Bolivia: ¿golpe o (contra)revolución?


www.nuso.org / noviembre 2019

¿Cómo interpretar lo ocurrido en Bolivia? El movimiento que culminó con la renuncia de Evo Morales y la polémica proclamación de Jeanine Añez como presidenta interina fue producto de diversas dinámicas y anuncia un giro político-ideológico en un sentido conservador. No obstante, el escenario boliviano no está cerrado.

El presidente boliviano Evo Morales fue derrocado. Para varios países, miles de observadores extranjeros y muchos bolivianos, fue obra de un golpe de Estado. Los motivos que tienen para pensar así son diversos, pero entre ellos sobresale la secuencia de los acontecimientos del pasado 10 de noviembre. Poco antes de que Morales leyera su renuncia en la televisión estatal, compareció ante la prensa el alto mando militar, y su jefe, el general Williams Kaliman, «sugirió» al presidente que dimitiera. «Post hoc ergo propter hoc»: como un hecho sucede a otro, se supone que es causado por este.

Esto no considera, entre otras muchas cosas, que también la Central Obrera Boliviana (COB), liderada por un dirigente cercano al oficialista Movimiento al Socialismo (MAS), el minero Juan Huarachi, pidió que Morales renunciara. ¿Por qué Huarachi, insospechable de ser «proimperialista», hizo algo así? Porque en la movilización contra Morales actuaron mineros de Potosí, una región que hasta 2015 fuera un bastión del MAS y luego se volcó en contra de él, a causa de lo que sus dirigentes llamaron el «ninguneo» de la región.

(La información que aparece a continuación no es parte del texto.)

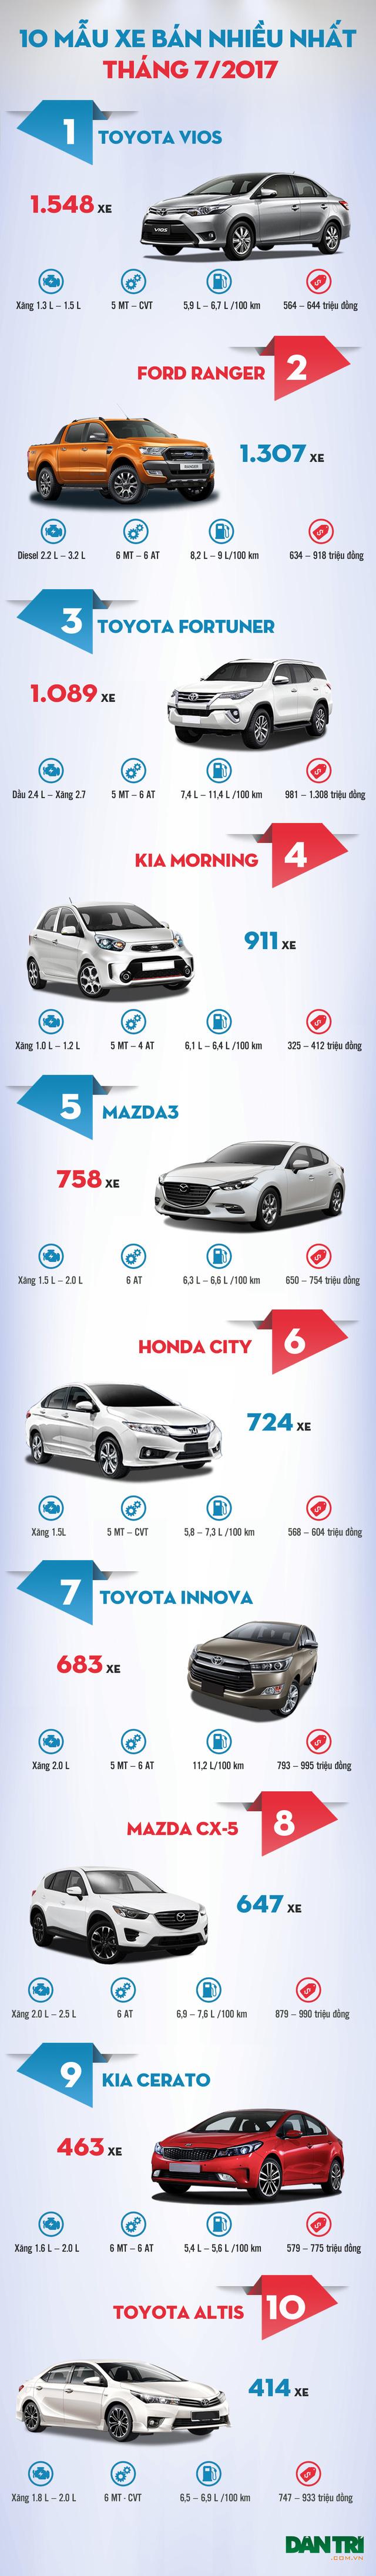 top 10 mau xe ban nhieu nhat thang 72017

Por otro lado, otros muchos bolivianos consideran que el proceso que derrocó a Morales fue una revolución libertadora contra un «dictador». Una idea que no considera cuestiones como las siguientes: ¿por qué esta «dictadura» no intentó echar mano de los militares para defender su poder? ¿Por qué no trató de acallar a los medios de comunicación en los que, durante los 18 días que duró la movilización, los dirigentes de los comités cívicos llamaron insistentemente a empujar al presidente fuera de su cargo? Y las preguntas siguen.

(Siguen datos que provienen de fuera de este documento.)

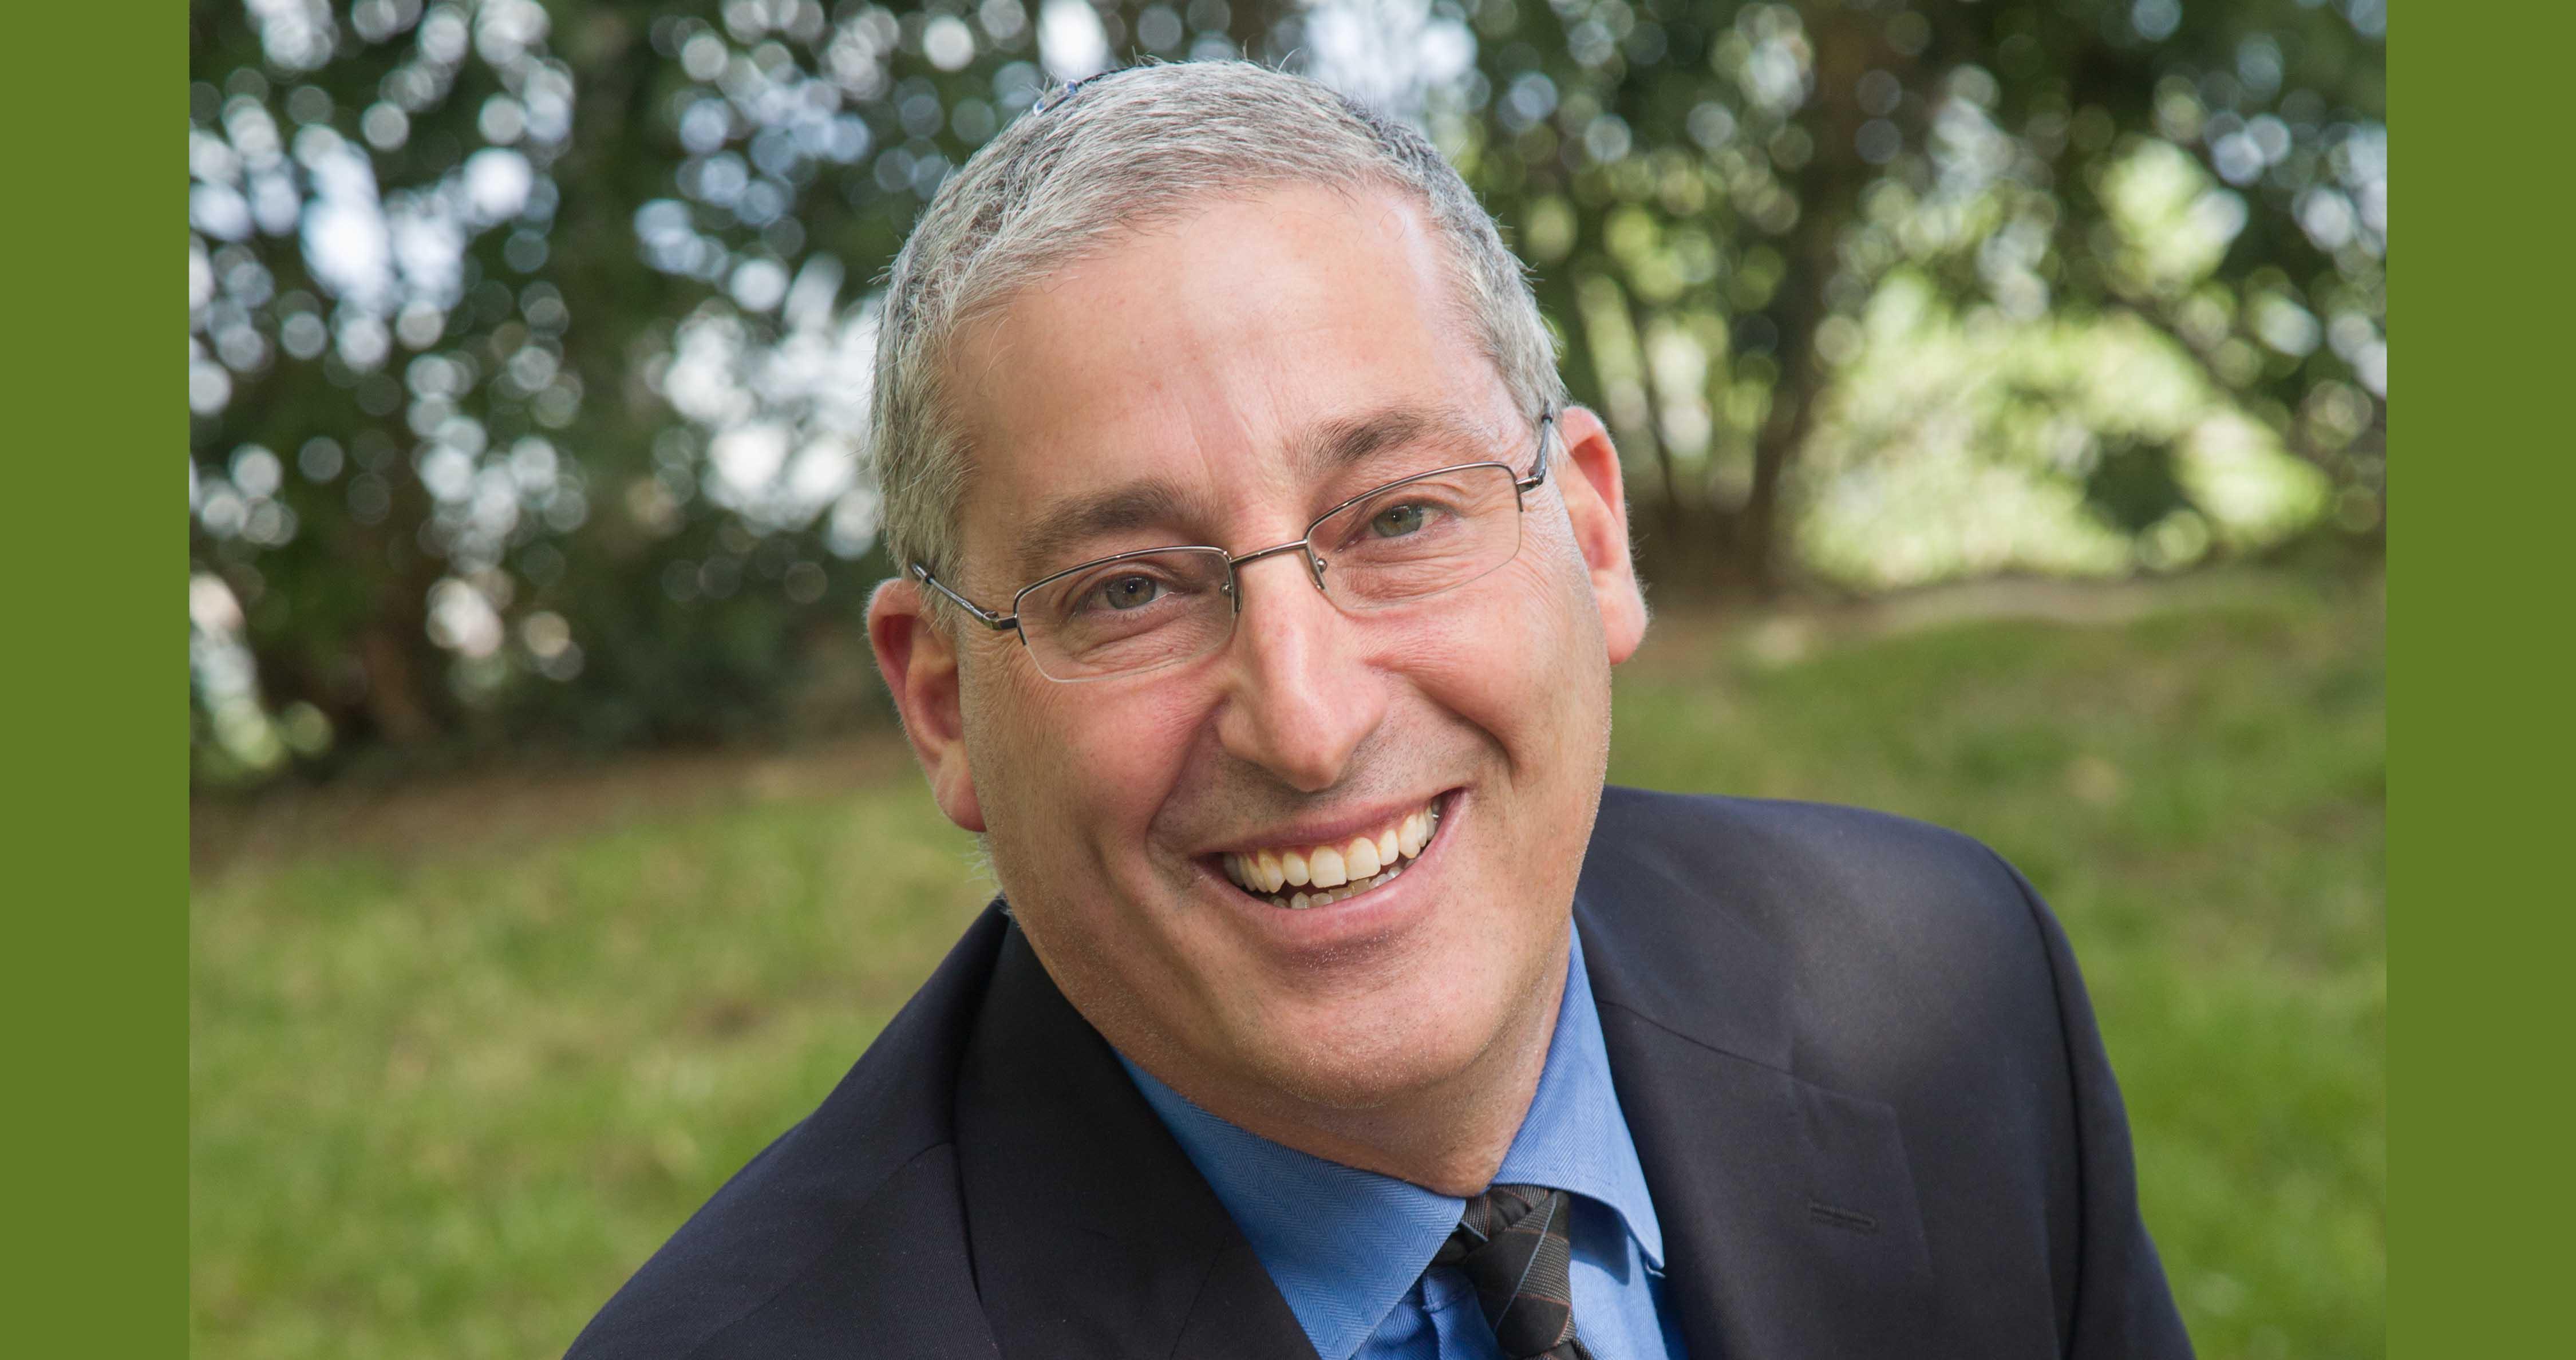 Larry Kligman, Head of School - Heschel Day School

La verdad no está en las interpretaciones ideológicas. Sin embargo, seguramente el debate doctrinal sobre los sucesos bolivianos –golpe o revolución libertadora– será tan interminable como irreconciliable. Este artículo, lejos de intentar cerrar la discusión, quiere abrirla, proporcionando nuevas perspectivas. Veamos.

La primera causa de la caída de Morales fue un levantamiento masivo de los sectores urbanos y de clase media de la población, que paralizó todas las ciudades del país, con la excepción de La Paz y El Alto, y logró trabar el funcionamiento normal del país. Este levantamiento comenzó luego de que el Tribunal Electoral anunciara que el resultado de las elecciones del 20 de octubre había sido la victoria en primera vuelta de Morales –resultado que la auditoría de las elecciones de la Organización de Estados Americanos (OEA), solicitada por el gobierno boliviano, consideraría posteriormente ilegítimo–. Sin embargo, las motivaciones de la gente para actuar iban más allá de la «indignación por el fraude». La clase media «tradicional» nunca aceptó del todo a Morales. Las razones eran varias: desde su condición de indio, que siempre fue un factor importante de rechazo, hasta la devaluación, en su gobierno, de los capitales educativos respecto de otro tipo de «capitales» (ser dirigente social era más importante para obtener un puesto público que tener un doctorado), lo que perjudicaba sus aspiraciones.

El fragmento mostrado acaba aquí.